[DATA EXTRACT — start]

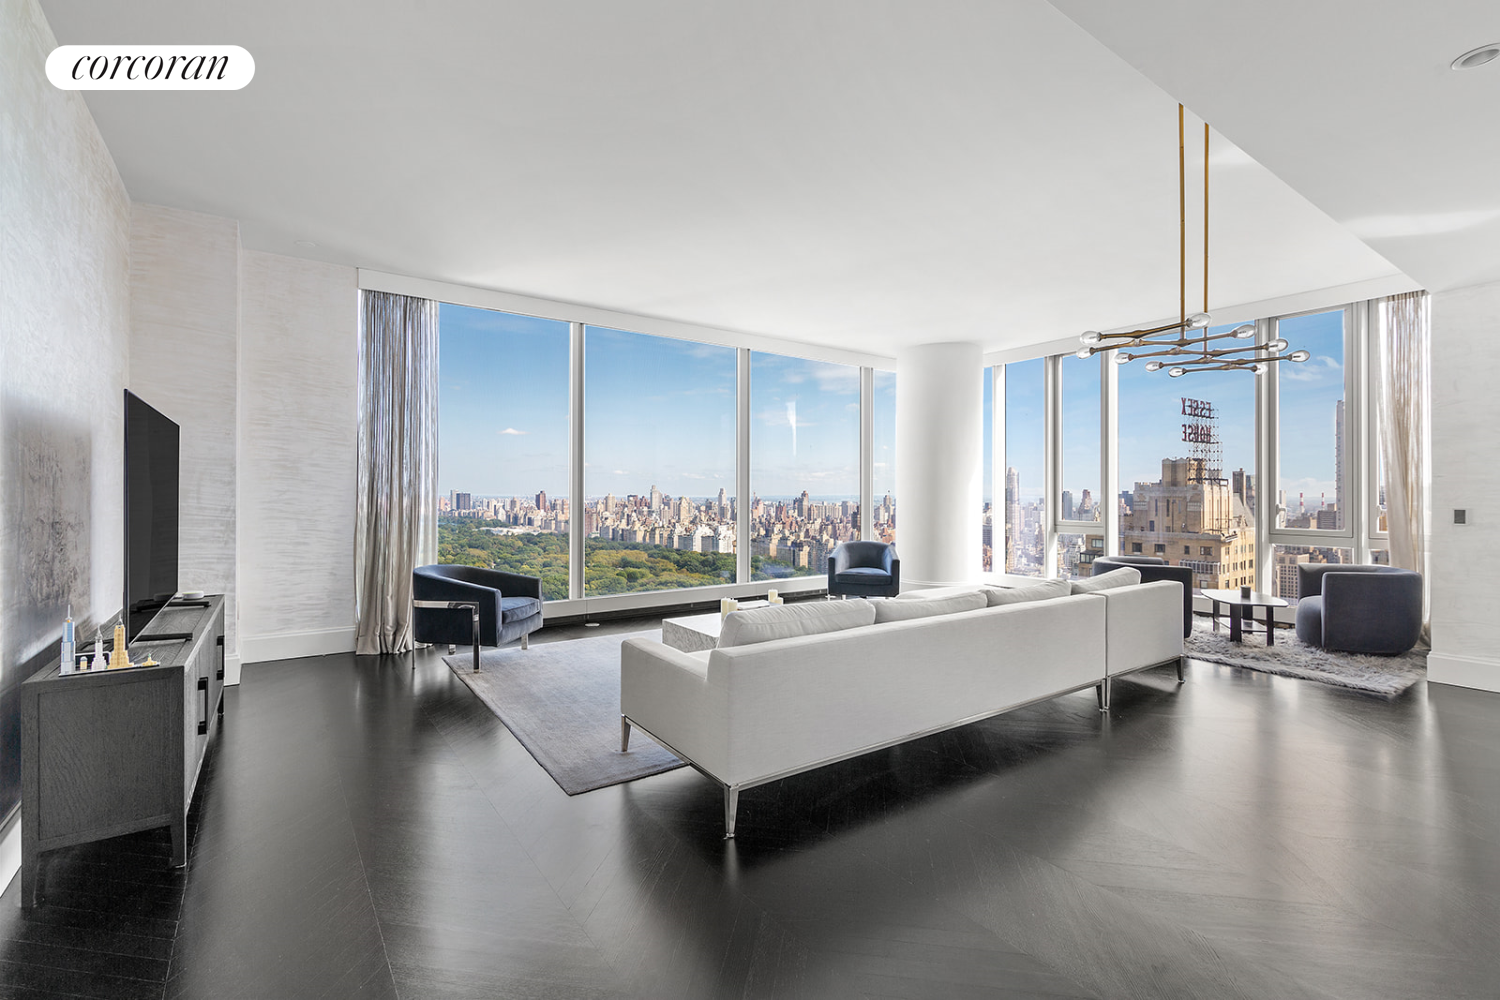 217 West 57th Street 43C, Central Park South, Midtown West, NYC - 3 Bedrooms  
3.5 Bathrooms  
5 Rooms -

[DATA EXTRACT — finish]

▶ [WHAT THE TASK REQUIRES]
Reprint the whole listing verbatim except for the pictures.

▶ [COMPLETED EXERCISE]
 217 West 57th Street 43C, Central Park South, Midtown West, NYC - 3 Bedrooms  
3.5 Bathrooms  
5 Rooms -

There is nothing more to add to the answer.